In this regard, the author referred to the conclusion of the Supreme Court that the indefinite recording and preservation of fingerprint data in a central database is unconstitutional. As a result, the authorities of the State party stopped recording and storing fingerprint data in this way. However, the State party has not responded to the author's claim that the retention of fingerprint data on individual identity cards exacerbates the security gaps identified by the Supreme Court. In particular, the author pointed out that assigning responsibility for such storage to identity card holders is fraught with risks of loss and theft of fingerprint data, given the ease of copying them to fake cards. Given the lack of information provided by the State party regarding the implementation of measures to protect biometric data stored on identity cards, the Committee was unable to conclude that there were sufficient safeguards against the risk of abuse and arbitrary interference with the right to privacy as a result of potential access to such data on identity cards. In light of the above-mentioned concerns about the system's ability to help prevent fraudulent use of personal data, the Committee considered that [security measures] could not be considered [appropriate]. Therefore, despite the possibility that there may be grounds and circumstances in which the processing of biometric data would not lead to arbitrary interference within the meaning of article 17 of the Covenant, the Committee found that in the specific circumstances of the case, recording and storing the author's fingerprints on an identity card, as prescribed by the National Identity Card Act, would constitute arbitrary interference with his right to privacy, which is contrary to article 17 of the Covenant (paragraph 7.6 of the Views).

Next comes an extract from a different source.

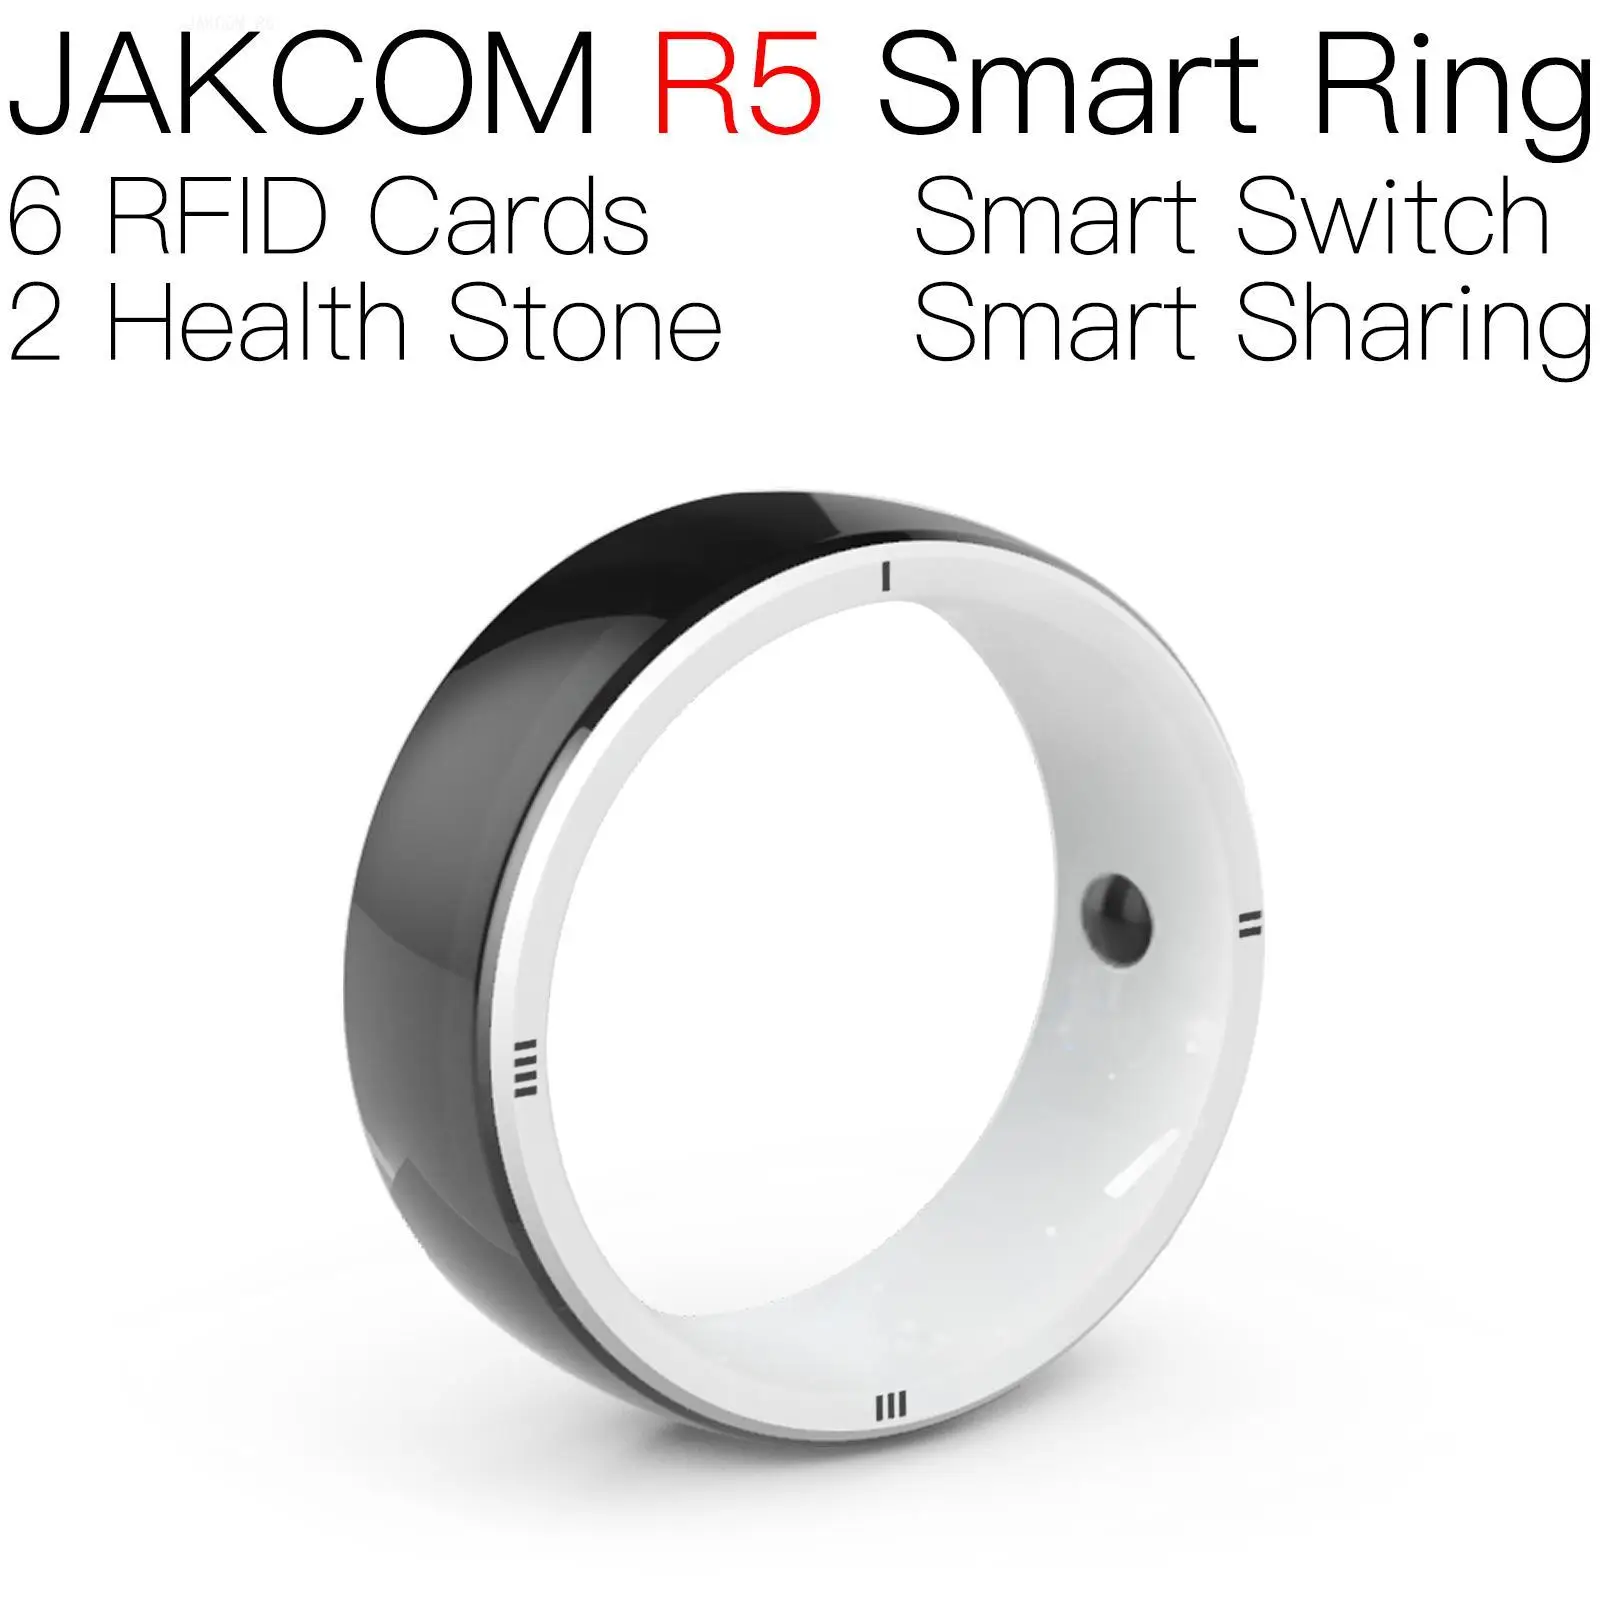 

JAKCOM R5 Smart Ring Best gift with uhf rfid nfc transparent coin card classic 1k uid writable key chip calculator

The author refers to the expert opinion presented during the internal proceedings regarding the technology of radio frequency identification (RFID), with which biometric data is stored. The expert explained that biometric data can be easily copied without physical contact without the knowledge of the identity card holder using RFID readers, which can be easily purchased on the Internet information and telecommunications network.
The Committee's conclusions: The facts presented indicated a violation by the State party of the author's rights under article 17 of the Covenant.